Recipe: Barley, Wild Rice and Cranberry Pilaf
Posted on | April 9, 2009 | 4 Comments
every now and then i get on a kick for a specific ingredient and then search like hell to find it in as many recipes as possible. the most recent mission: barley.barley was never really in our meal rotation [pre- or post-vegetarian dining]. no rhyme or reason behind it either. just never really ate it. or cooked it. all of that changed last week when i found the barley and veggie soup recipe.
the next recipe on the rotation was for a barley, wild rice and cranberry pilaf. i did make a few tweaks to the recipe, but definitely not as many as usual. the original recipe didn’t have a single nightshade hidden in it. or any of my other intolerances for that matter [dairy, cinnamon, and msg]. which was just plain shocking and exciting.
and because i’m one ballsy veggie, i made it last night for the first time when we were having company. thank goodness it was a good. or my street cred would have dropped a notch.
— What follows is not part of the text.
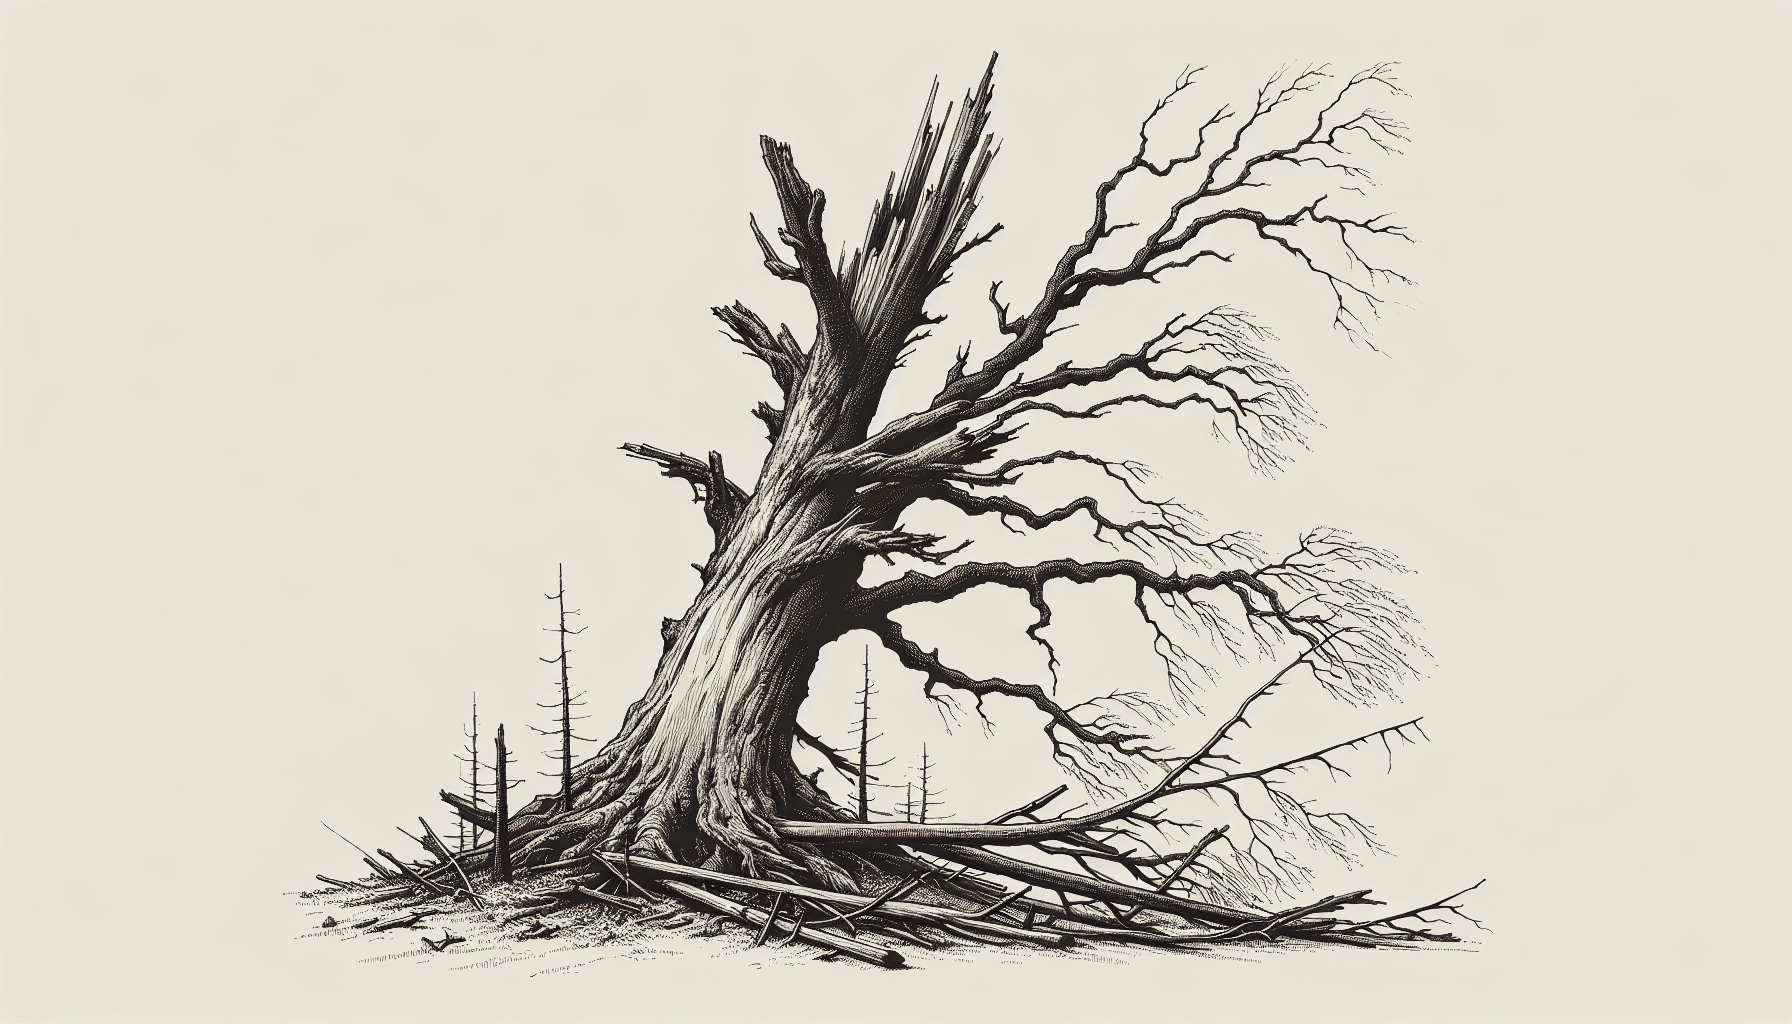 Dead tree with leaning trunk and fallen branches

Barley, Wild Rice and Cranberry Pilaf
ingredients:
- 3/4 cup pearl barley
- 1/4 cup wild rice
- 1/2 tsp kosher salt
- 3 cups nightshade free vegetable broth
- 1 cup orange juice
- 3/4 cup dried cranberries
- 2 tsp lemon juice
- 1/2 cup red onion, chopped
- 1/3 cup olive oil
- salt and pepper to taste
- 1/4 cup chopped fresh parsley
- 1 cup walnuts, coarsely chopped
directions:
- in medium saucepan with lid, add barley, wild rice and veg broth and bring to a boil.
- reduce heat to low, cover and cook about 30-40 minutes.
- while barley-wild rice is cooking, pour orange juice over dried cranberries and set aside.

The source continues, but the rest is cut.